Hot Borscht, Russian Tea Room
Submitted by Wavesprinkle
Hot borscht inspired by the Russian Tea Room with shredded beets, cabbage, parsnip, and fresh dill. A classic Eastern European beet soup simmered in vegetable stock.
YIELD
4 servingsPREP
15 minCOOK
45 minREADY
60 minThis hot borscht draws inspiration from the legendary Russian Tea Room in New York City. Coarsely shredded beets give the broth that iconic deep ruby color, while parsnip adds an earthy sweetness you won’t get from carrots alone.
The vegetables go in two stages. Root vegetables simmer first to soften, then cabbage and tomato join for the final 15 minutes so the cabbage stays tender with a little bite left. A whole garlic clove on a toothpick infuses the broth without leaving bits floating around. Fish it out before serving.
The sugar is optional. Beets bring their own natural sweetness, so taste first and only add it if your beets are more earthy than sweet.

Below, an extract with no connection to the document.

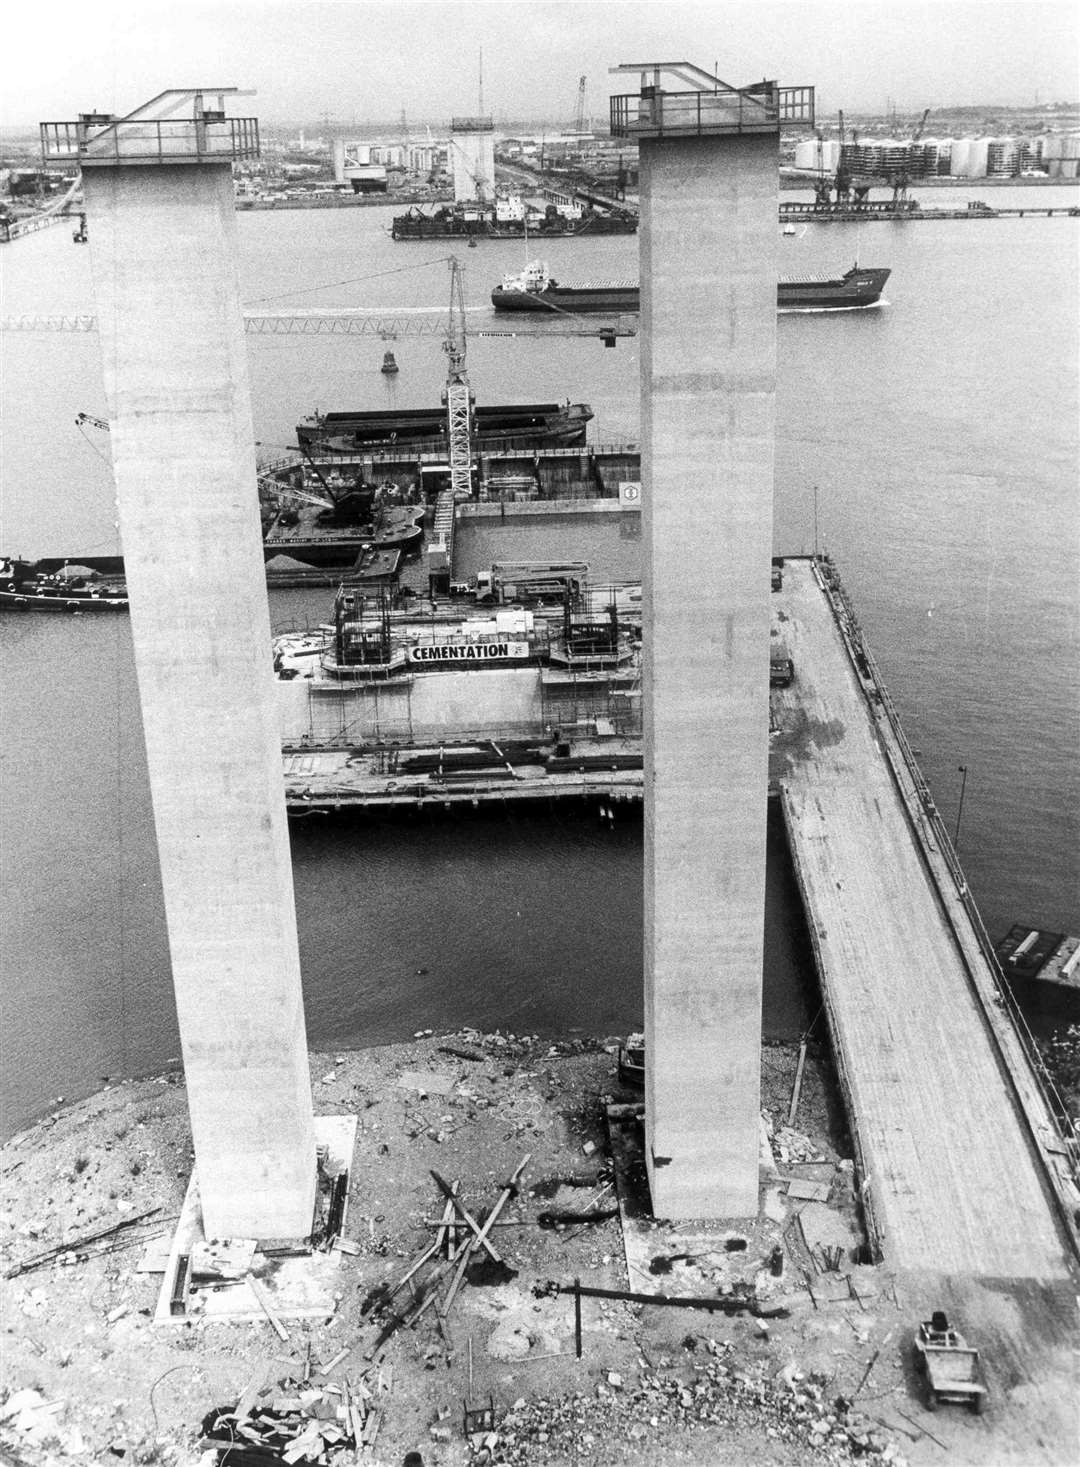 Construction of the Queen Elizabeth bridge in 1989. Two 25-metre concrete caissons were sunk into the river bed, capable of withstanding the impact of a 65,000 ton ship

Finish each bowl with fresh dill and a spoonful of sour cream. The cool, tangy cream against the hot, sweet broth is what makes borscht borscht.
Chef Tips
- Shred the beets on the coarse side of a box grater. Fine shreds dissolve into the broth and you lose that satisfying texture.
- Fresh dill makes a real difference here. Dried dill tastes flat in comparison.
- Skewer the garlic on a toothpick so you can pull it out easily. It flavors the broth gently without overpowering the beets.
- This soup tastes even better the next day after the flavors meld overnight in the fridge.
Variations
- Use beef stock instead of vegetable stock for a richer, more traditional version.
- Add diced potatoes with the first batch of vegetables for a heartier soup.
- Stir in a splash of red wine vinegar at the end for extra brightness.
Ingredients
Directions
Peel beets and shred coarsely.
Chop carrots, onions, celery and parsnip.
Boil stock and add beets, carrots, onions, celery and parsnip.
Simmer covered 20 minutes.
Add cabbage, tomato, sugar and garlic on toothpick.
Simmer 15 minutes until cabbage is tender.
Remove garlic.
Top with dill (fresh is best) and if sour cream if you are so inclined.
Serve hot.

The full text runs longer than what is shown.